Task objective » Aim for an exact copy of the listing, without any images.

### Given data

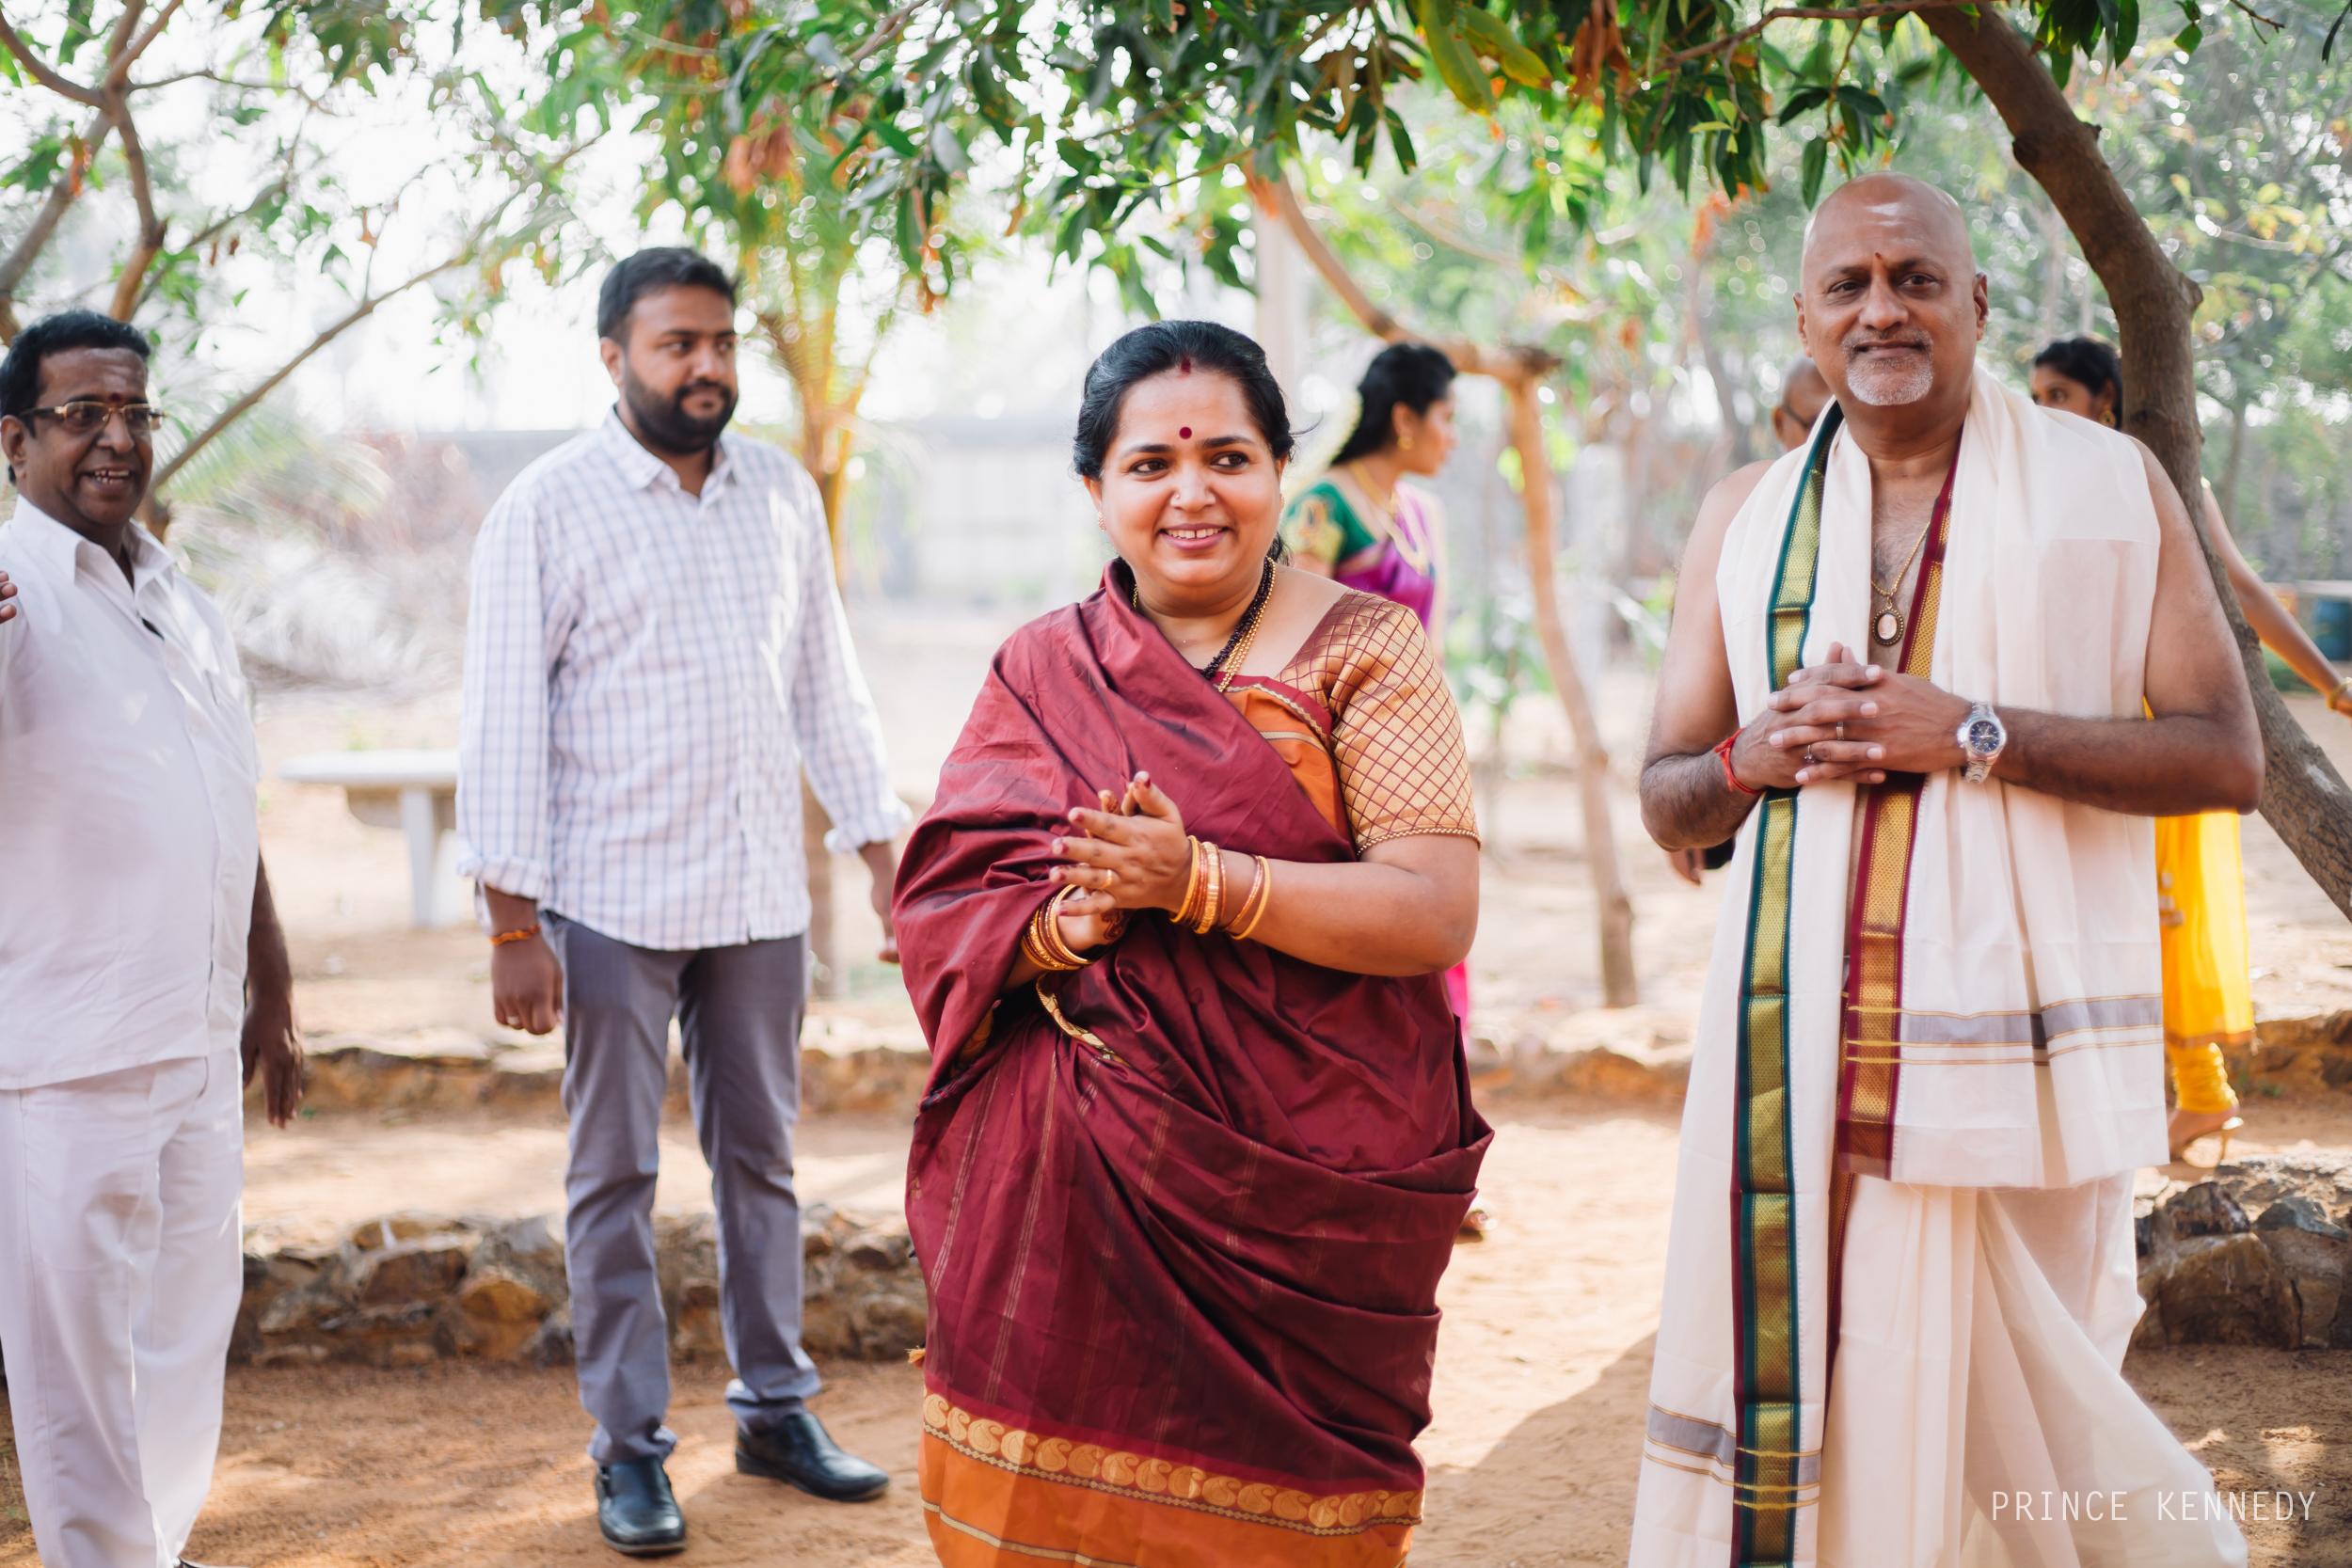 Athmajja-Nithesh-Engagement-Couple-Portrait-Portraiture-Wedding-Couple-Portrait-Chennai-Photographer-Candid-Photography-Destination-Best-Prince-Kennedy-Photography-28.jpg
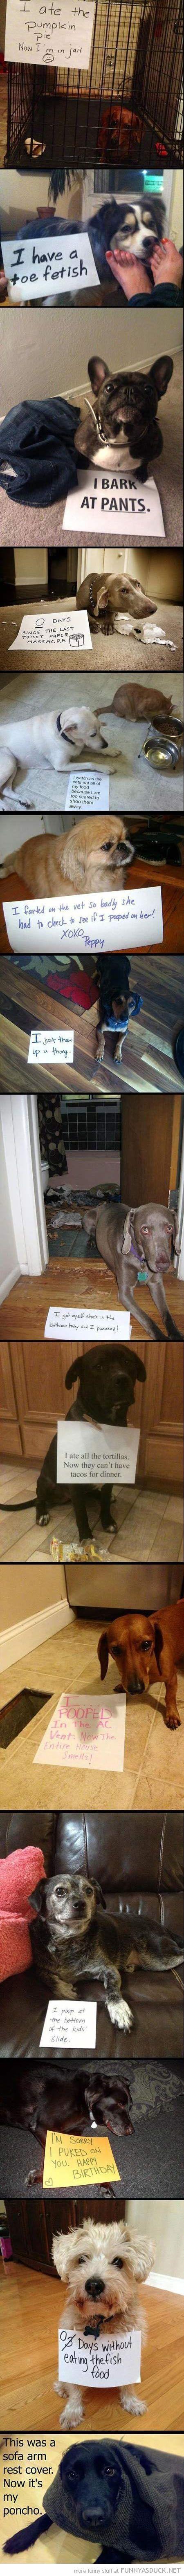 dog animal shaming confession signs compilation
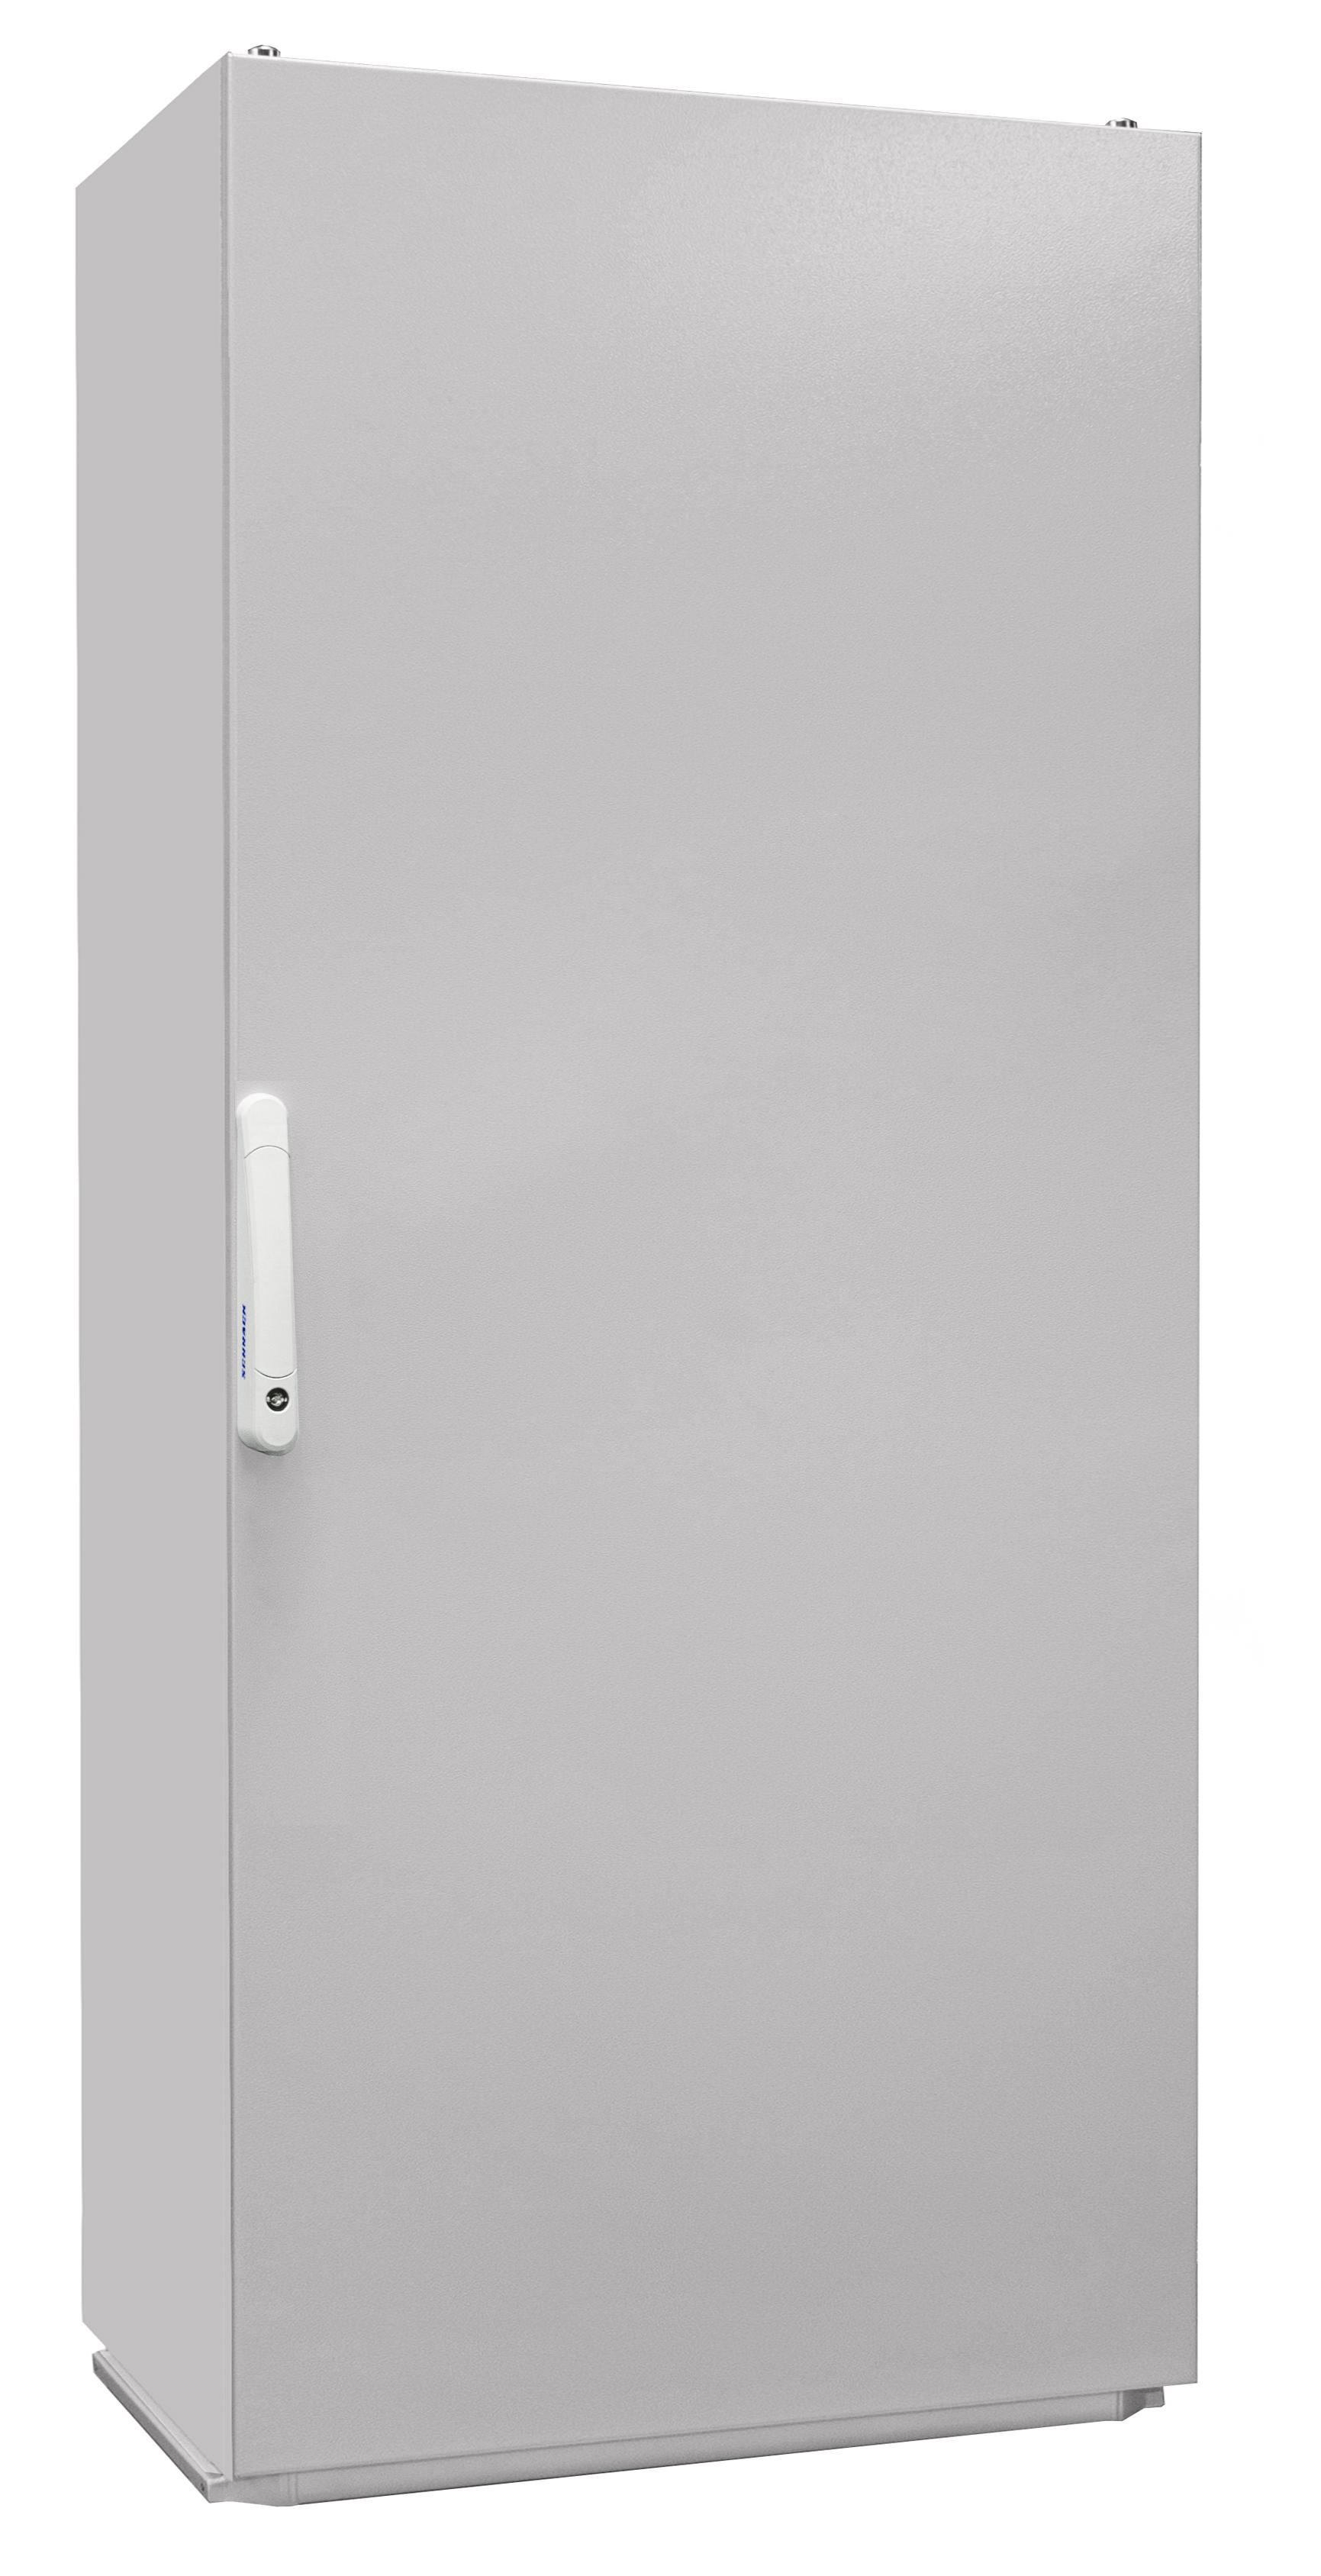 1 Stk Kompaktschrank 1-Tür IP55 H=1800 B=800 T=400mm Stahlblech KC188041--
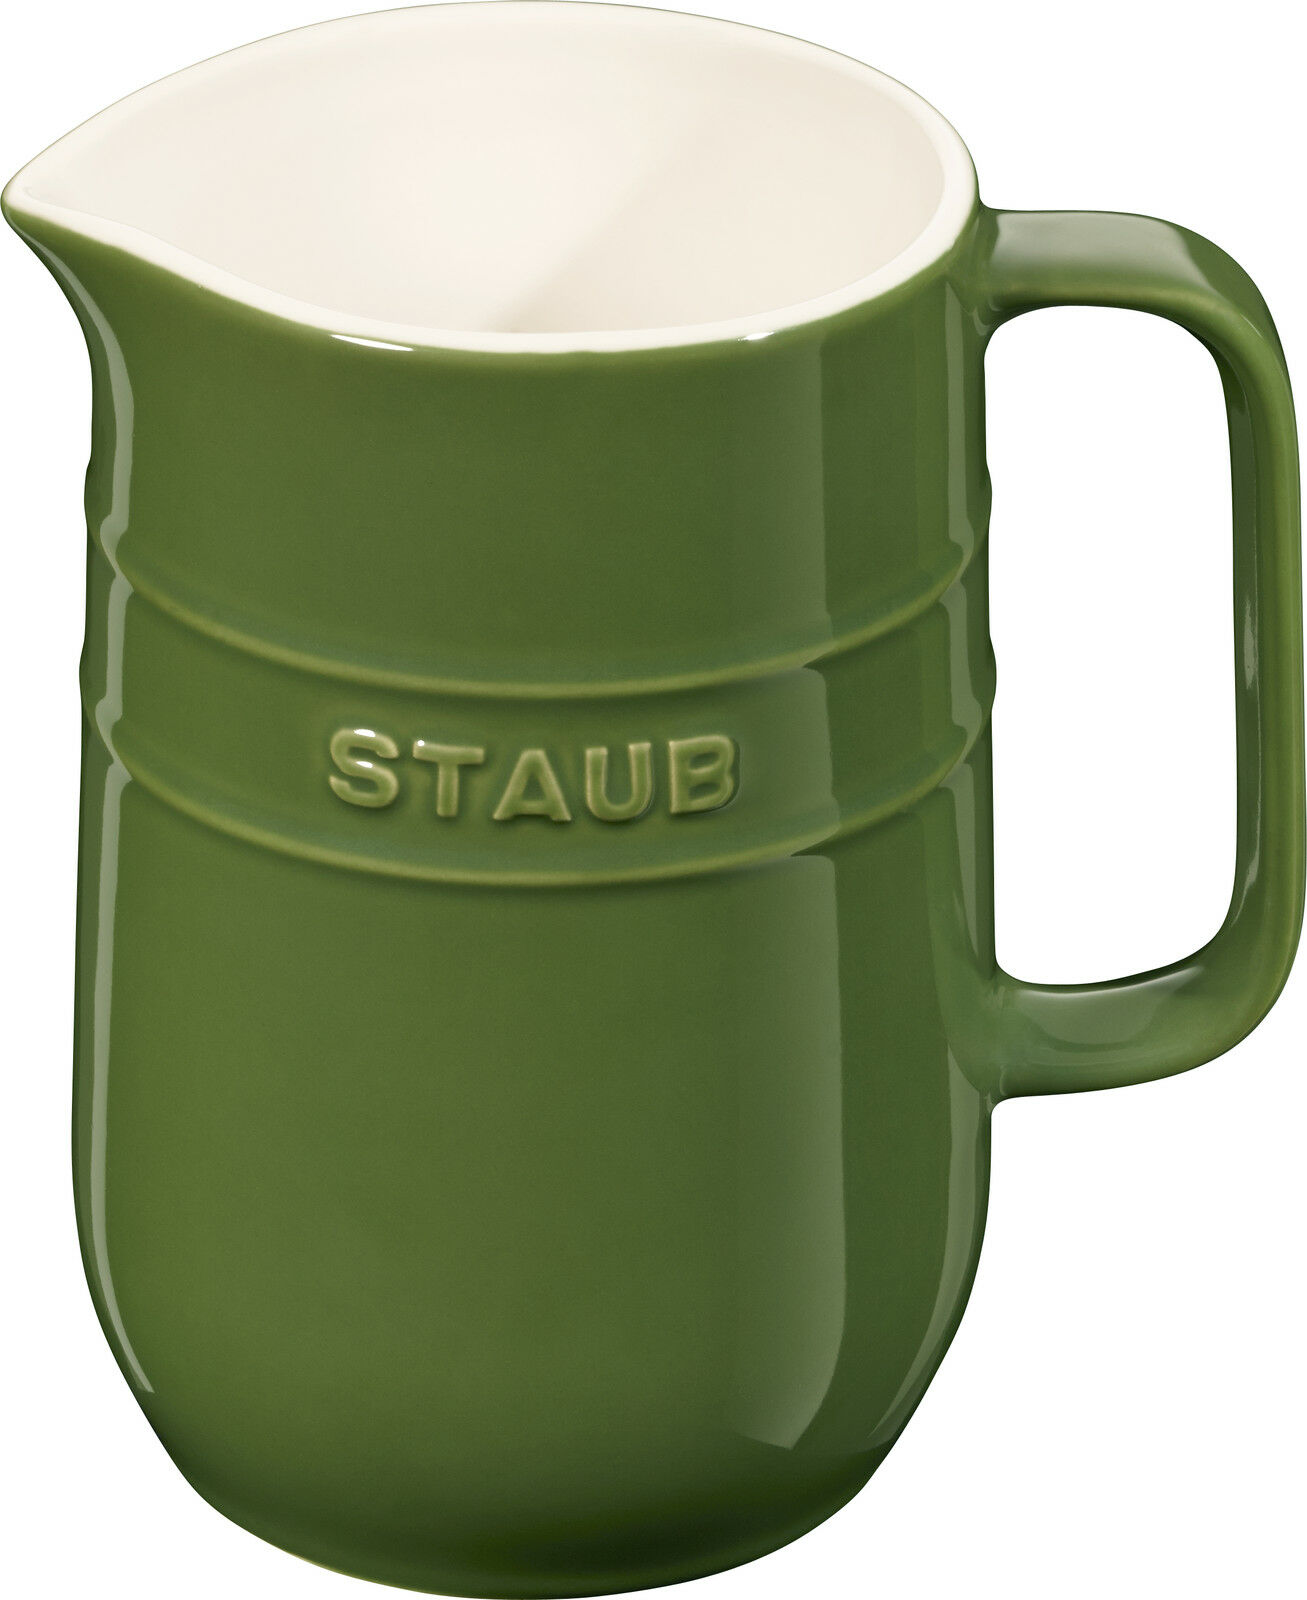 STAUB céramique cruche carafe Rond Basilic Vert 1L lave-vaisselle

######

Output for this exercise »
 Athmajja-Nithesh-Engagement-Couple-Portrait-Portraiture-Wedding-Couple-Portrait-Chennai-Photographer-Candid-Photography-Destination-Best-Prince-Kennedy-Photography-28.jpg
 dog animal shaming confession signs compilation
 1 Stk Kompaktschrank 1-Tür IP55 H=1800 B=800 T=400mm Stahlblech KC188041--
 STAUB céramique cruche carafe Rond Basilic Vert 1L lave-vaisselle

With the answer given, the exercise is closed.